==== DATASET EXTRACT

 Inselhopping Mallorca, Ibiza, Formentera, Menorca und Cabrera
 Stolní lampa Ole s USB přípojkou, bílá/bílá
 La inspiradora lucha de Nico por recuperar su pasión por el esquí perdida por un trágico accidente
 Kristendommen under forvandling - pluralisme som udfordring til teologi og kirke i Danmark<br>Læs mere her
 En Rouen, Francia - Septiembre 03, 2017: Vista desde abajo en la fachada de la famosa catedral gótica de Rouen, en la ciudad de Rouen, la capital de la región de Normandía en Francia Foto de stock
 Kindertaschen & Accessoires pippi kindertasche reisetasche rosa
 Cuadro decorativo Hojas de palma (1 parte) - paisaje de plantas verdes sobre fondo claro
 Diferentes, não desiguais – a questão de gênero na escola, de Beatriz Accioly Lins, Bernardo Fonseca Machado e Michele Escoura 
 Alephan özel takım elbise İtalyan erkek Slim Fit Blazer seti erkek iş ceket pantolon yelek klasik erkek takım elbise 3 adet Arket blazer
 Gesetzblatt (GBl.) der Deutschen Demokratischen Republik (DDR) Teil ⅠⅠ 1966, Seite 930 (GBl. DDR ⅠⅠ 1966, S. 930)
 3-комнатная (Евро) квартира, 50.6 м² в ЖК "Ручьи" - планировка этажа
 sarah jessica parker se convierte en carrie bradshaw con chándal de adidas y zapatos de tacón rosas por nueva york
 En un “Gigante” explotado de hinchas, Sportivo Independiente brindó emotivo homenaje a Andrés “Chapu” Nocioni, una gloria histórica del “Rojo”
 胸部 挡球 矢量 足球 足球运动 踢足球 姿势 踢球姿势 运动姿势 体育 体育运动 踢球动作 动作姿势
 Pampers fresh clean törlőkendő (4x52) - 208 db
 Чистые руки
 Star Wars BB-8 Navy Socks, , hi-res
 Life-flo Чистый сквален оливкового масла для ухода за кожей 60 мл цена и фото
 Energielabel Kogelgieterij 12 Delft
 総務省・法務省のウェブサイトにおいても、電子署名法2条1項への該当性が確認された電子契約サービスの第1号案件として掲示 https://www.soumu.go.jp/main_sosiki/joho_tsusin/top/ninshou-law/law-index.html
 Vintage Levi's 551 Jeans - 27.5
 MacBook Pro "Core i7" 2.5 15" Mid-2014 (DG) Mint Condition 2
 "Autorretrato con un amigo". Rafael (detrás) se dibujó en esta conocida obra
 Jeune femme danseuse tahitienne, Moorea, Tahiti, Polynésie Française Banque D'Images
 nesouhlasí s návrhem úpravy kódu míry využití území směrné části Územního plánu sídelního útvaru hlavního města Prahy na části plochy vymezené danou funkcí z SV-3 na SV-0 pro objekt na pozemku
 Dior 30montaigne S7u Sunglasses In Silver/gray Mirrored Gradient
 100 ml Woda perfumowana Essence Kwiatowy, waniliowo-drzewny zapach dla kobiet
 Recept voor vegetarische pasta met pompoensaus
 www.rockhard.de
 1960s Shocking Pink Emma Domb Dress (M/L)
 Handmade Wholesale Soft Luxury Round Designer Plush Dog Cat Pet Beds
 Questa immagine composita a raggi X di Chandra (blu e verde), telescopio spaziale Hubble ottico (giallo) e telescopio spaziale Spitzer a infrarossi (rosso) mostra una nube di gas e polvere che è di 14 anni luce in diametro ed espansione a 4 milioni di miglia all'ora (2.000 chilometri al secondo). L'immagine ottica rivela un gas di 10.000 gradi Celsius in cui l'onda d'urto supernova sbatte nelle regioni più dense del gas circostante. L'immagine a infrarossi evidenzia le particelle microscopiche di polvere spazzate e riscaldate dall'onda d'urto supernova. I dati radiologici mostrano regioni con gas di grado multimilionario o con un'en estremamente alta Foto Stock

========

ASSIGNMENT. Filter the entries and copy each line with "Foto".

COMPLETED TASK.
 En Rouen, Francia - Septiembre 03, 2017: Vista desde abajo en la fachada de la famosa catedral gótica de Rouen, en la ciudad de Rouen, la capital de la región de Normandía en Francia Foto de stock
 Questa immagine composita a raggi X di Chandra (blu e verde), telescopio spaziale Hubble ottico (giallo) e telescopio spaziale Spitzer a infrarossi (rosso) mostra una nube di gas e polvere che è di 14 anni luce in diametro ed espansione a 4 milioni di miglia all'ora (2.000 chilometri al secondo). L'immagine ottica rivela un gas di 10.000 gradi Celsius in cui l'onda d'urto supernova sbatte nelle regioni più dense del gas circostante. L'immagine a infrarossi evidenzia le particelle microscopiche di polvere spazzate e riscaldate dall'onda d'urto supernova. I dati radiologici mostrano regioni con gas di grado multimilionario o con un'en estremamente alta Foto Stock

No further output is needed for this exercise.